His face crumples, and at first I think he’s about to cry, but then he barks out a rough laugh. “You fucking her? You gotta be fucking her because otherwise you wouldn’t give a damn about a conversation I had with her weeks ago. Tell me, did she cry about all the nasty things Big Bad Vince said to her before or after she climbed in your bed?”
“Actually, she told me all about it when I gave her the job you were too incompetent to do correctly. She’s amazing at it, by the way.”
He rubs at his jaw, and I note the presence of a fresh bruise already forming there. “Shit. Talia did a number on you didn’t she? You’ve gone from being married to a hoe to hiring a whore in hopes that she’ll give you some pussy. A desperate girl like that, you could have bought her for the rest of the year and paid less than the salary you’re giving her.”

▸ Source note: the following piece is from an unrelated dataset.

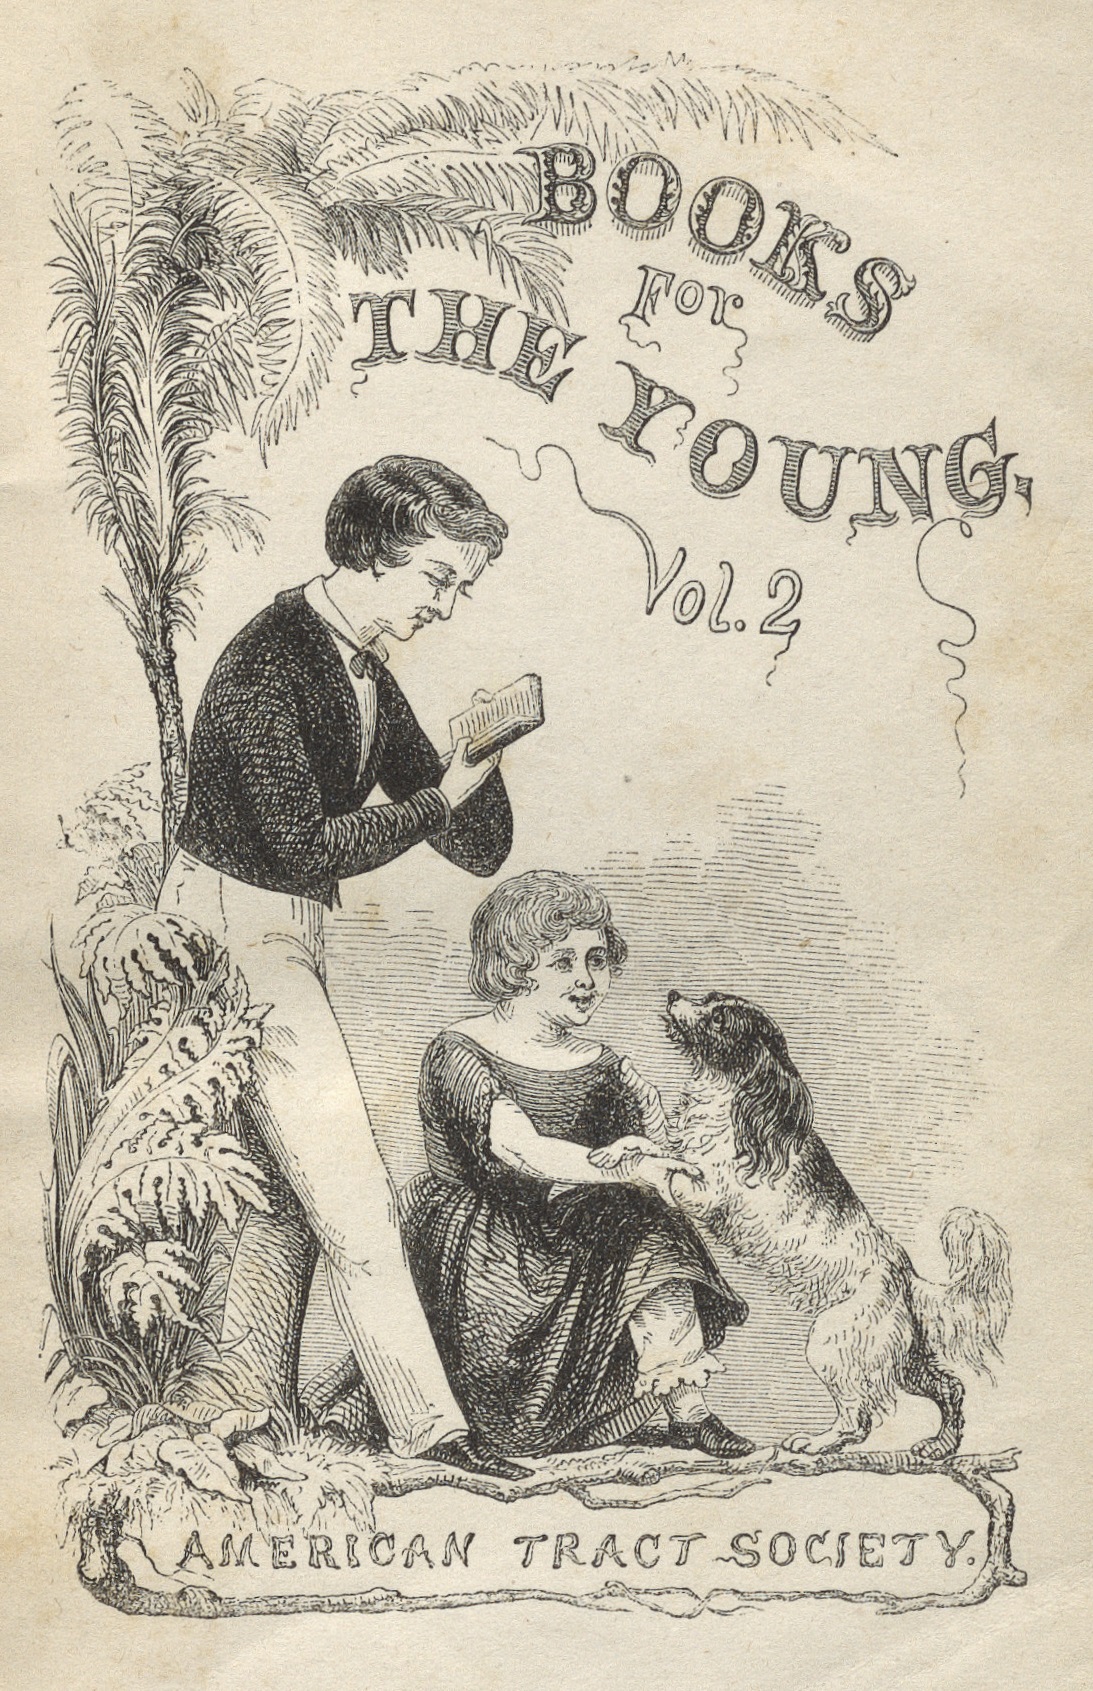 Books For The Young, Volume 2, 1851. Content compilation © 2020, by the American Antiquarian Society. All rights reserved.

Something about the way his words touch on every insecurity Nadia exposed to me at Ludus during our second interaction sends rage flooding through my system. My vision is red again, and when I hit Vince, my fist connecting with his nose with so much force it breaks on impact, the white walls in our mothers’ childhood home turns a garish shade of crimson to match it.
I’m running my tongue over the cut in my lip I got when Vince finally got the nerve to hit me back when Nadia walks into my office on Monday morning. We both pause and look at each other, shocked for two completely different reasons. Me, because she walked in without knocking which indicates a growing level of comfort between us. Her, because there’s a bruise underneath my cheek in addition to the cut splitting my lip.
“What the hell happened?” She shocks me again when she moves over to me, her face screwed up and brows knit with worry as she rounds my desk. I turn in my seat, so when she stops in front of me and grabs hold of my face, she’s standing between my legs. “Who did this to you?”
Her grip is firm and it doesn’t hurt a bit to have her touching me, but I still wince because the moment her skin touches mine, my nervous system lights up. Nadia reads it as pain though, and she tries to pull away.